You know a cake is really amazing when your literature teacher loves it. Miss T. calls this strawberry frosting "awesome."
The best part about making this cake is eating the frosting off the beaters. It was fun. The second best part was asking my dad and little sister (the Maniac) if they could figure out how to make a heart out of one 8-inch square cake and one 8-inch round cake. They couldn't. Can you? (Answer at the very end.)
We didn't have cake flour. We used 2 1/2 cups of All-Purpose flour and 1/2 cup of cornstarch and sifted them together five times (it took a while).
1-2-3-4 Cake (from Fanny at Chez Panisse)
1 cup unsalted butter (2 sticks) at room temperature
2 cups sugar (I add a pinch more)
3 cups cake flour-- or see note above
4 teaspoons baking powder
1/2 teaspoon salt
4 eggs, separated
1 teaspoon vanilla extract
1 cup milk
Set oven to 350 degrees. Butter and flour an 8 inch round pan and an 8 inch square pan.
Sift the cake flour, and add the baking powder and salt. Stir.

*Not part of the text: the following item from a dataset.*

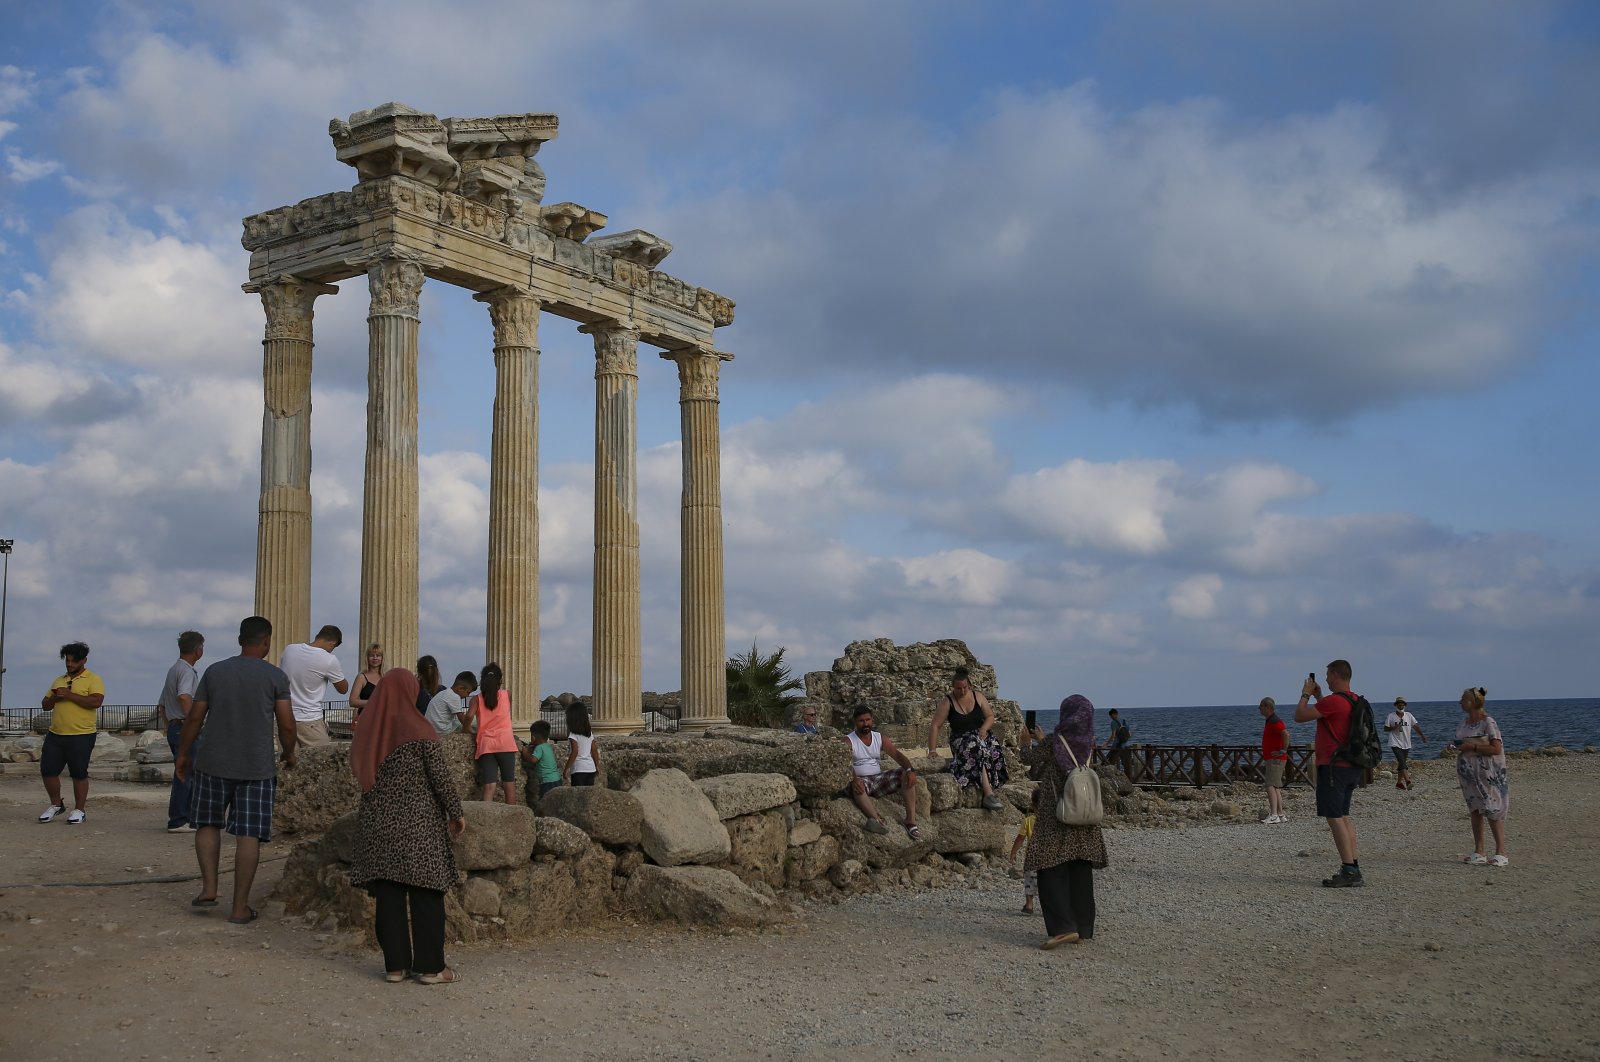 Tourists visit a historic temple in Antalya, southern Turkey, June 20, 2021. (AP Photo)

Cut butter into small pieces and put in a large bowl. With a mixer, beat the butter until light and fluffy. Add the sugar and beat until fluffy. This is creaming. Add the egg yolks and beat briefly and then add the vanilla.
Next add the flour and milk in parts. Add about half the flour and lightly stir it in. Pour in half the milk. Sift in the rest of the flour and stir. Then gently mix in the rest of the milk.
Beat egg whites until they make soft peaks. Very gently fold in the stiff egg whites.
Bake for 30-35 minutes. Test with a toothpick; when it comes out clear they're done.
Strawberry Frosting, adapted from The Cake Doctor
1 stick of butter, softened
3/4 cup of strawberries
4 or more cups of confectioner's sugar
Puree the strawberries in a blender. You should have around 1/2 or 2/3 of a cup of strawberry puree.
With a mixer, beat the butter until fluffy. Add the pureed strawberries and beat together.
Add 4 cups of confectioner's sugar. Beat on low and then shift to high and beat for around five minutes. If the frosting is too thick, add a little milk. If it's not stiff enough, add more confectioner's sugar.
Position the square cake so one corner is at the top. Cut the round cake in half and stick it all together like this. Remember to use lots of frosting to cover the cracks.